Once again, watch this space…

Why am I here?

I bet it has something to do with light

This is my very first Blog Post so I thought I’d make the most of a good opportunity to organise my thoughts and decide what my intentions are for this page.

The purpose for this page is two-fold really, although I’m not yet sure which is the primary goal and which is secondary. One objective  is to use this page as an assessment tool for the MA in Creative Media that I’m currently attending, another is to become a better artist (whatever that might mean).

I recently completed a freelance project where my client asked me to produce 3D CGI renders that looked photo-realistic. In the pursuit of photorealism I produced these images:

Whilst I’m not overly disappointed with the result, one can still determine that the content of the images is unreal, computer generated. Considering that in blockbuster films with blockbuster budgets, one can still identify which elements of the film are CGI and which are real, my own renders are not a bad result. Despite this though, I can’t help but feel that they could have been better.

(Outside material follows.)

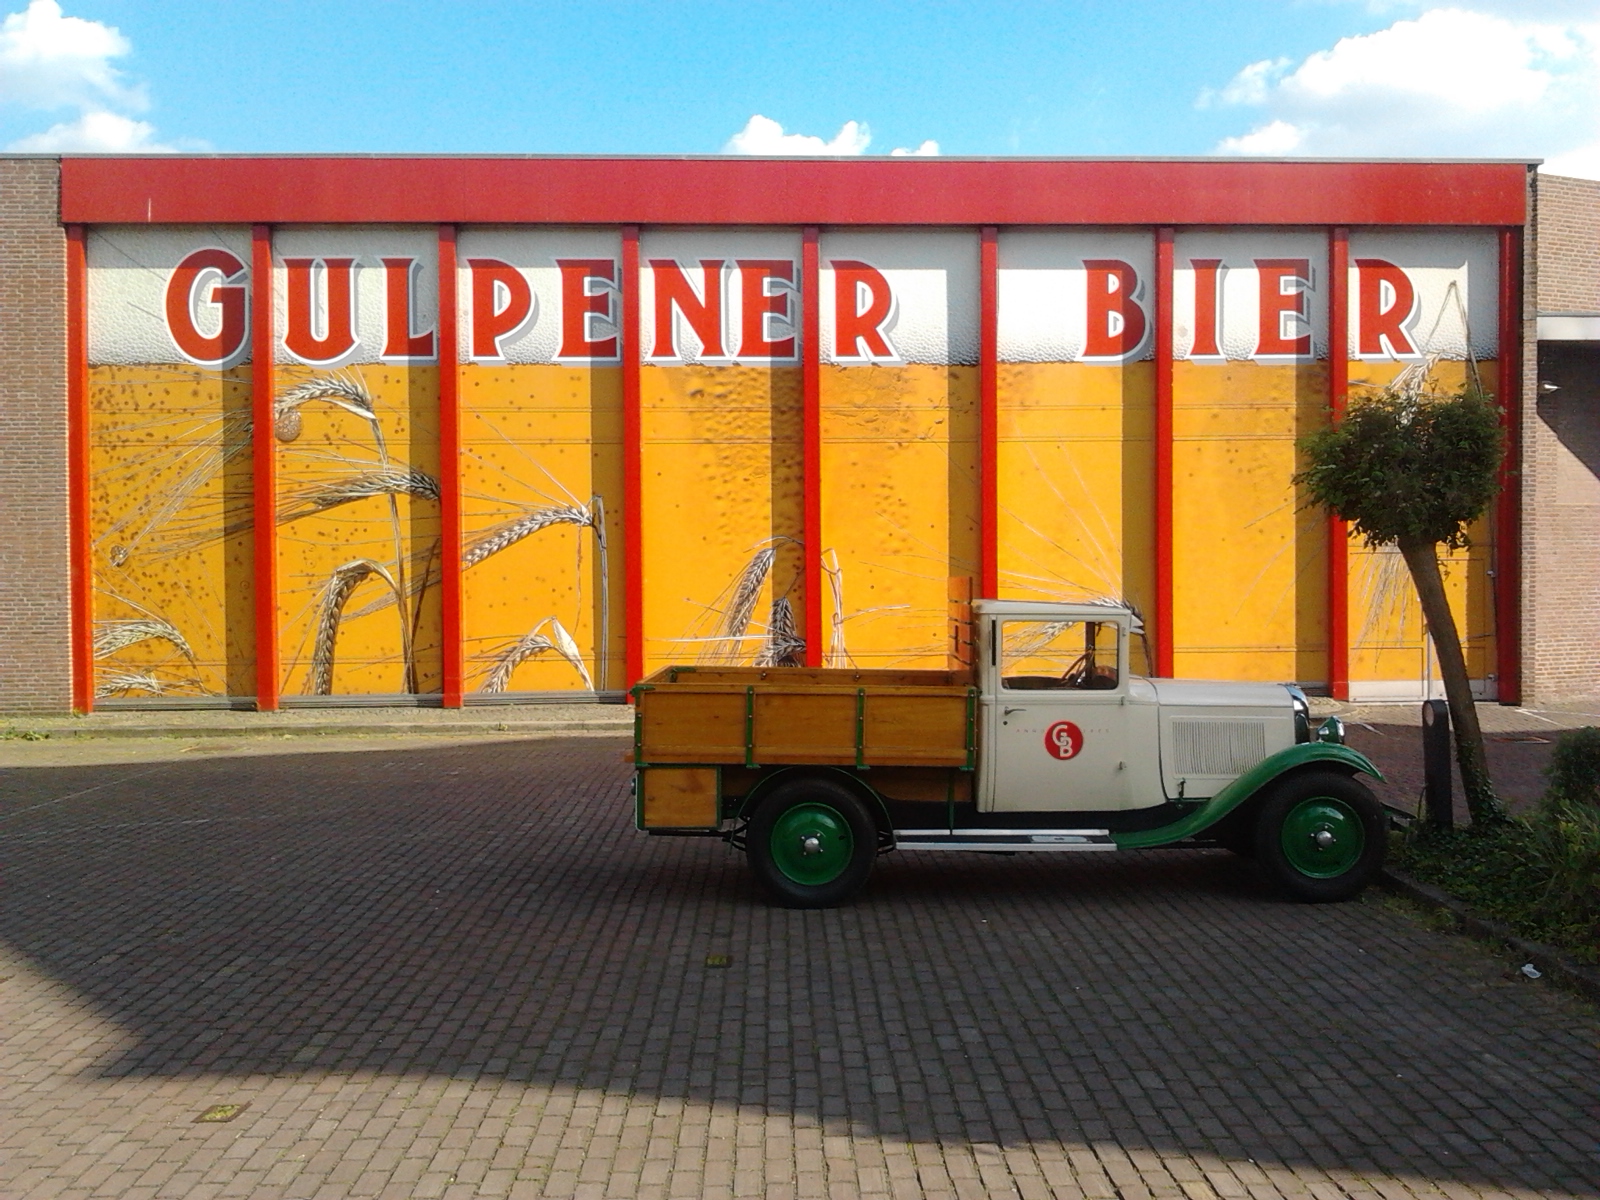 Gulpener, birrificio olandese basato sui principi della produzione artigianale con grande riguardo alle tecnologie innovative
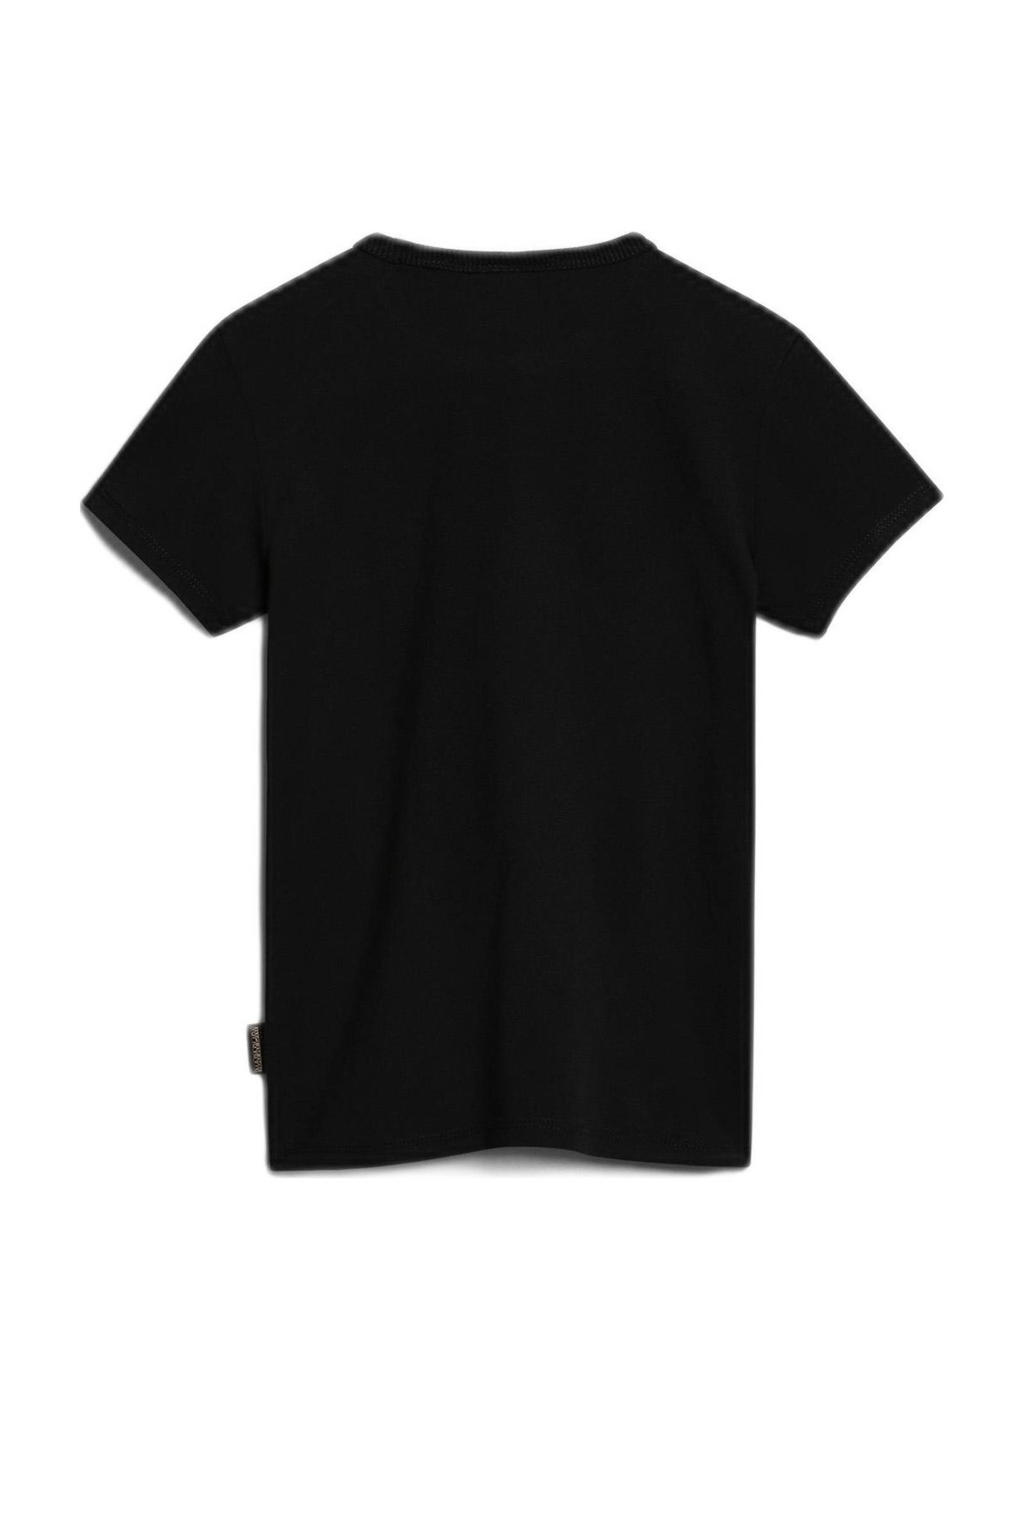 Zwarte jongens Napapijri T-shirt van duurzaam katoen met logo dessin, korte mouwen en ronde hals

I now find myself asking the question: what is that makes an image look ‘real’? How does one discern what is photographed and what it is CGI? Perhaps if I started a blog-page, a person, not unlike yourself, browsing the net, might just leave a comment containing the answer? My guess is that if such a comment was left, it would have something to do with light.

In the more likely event that I’ll have to find out for myself, I expect that exploring how the human eye works and how the brain interprets the signals received from the eye should provide some clues. I’d wager that I’ll get even closer to the answer by exploring how cameras work, after all, it’s not real life that I’m trying to emulate, it’s realism as found in a photograph. What ever the answer is, it must surely have something to do with light… mustn’t it?

If I can convince an audience that something I have produced entirely in 3D is a photograph of a real world object, then this study will have been successful.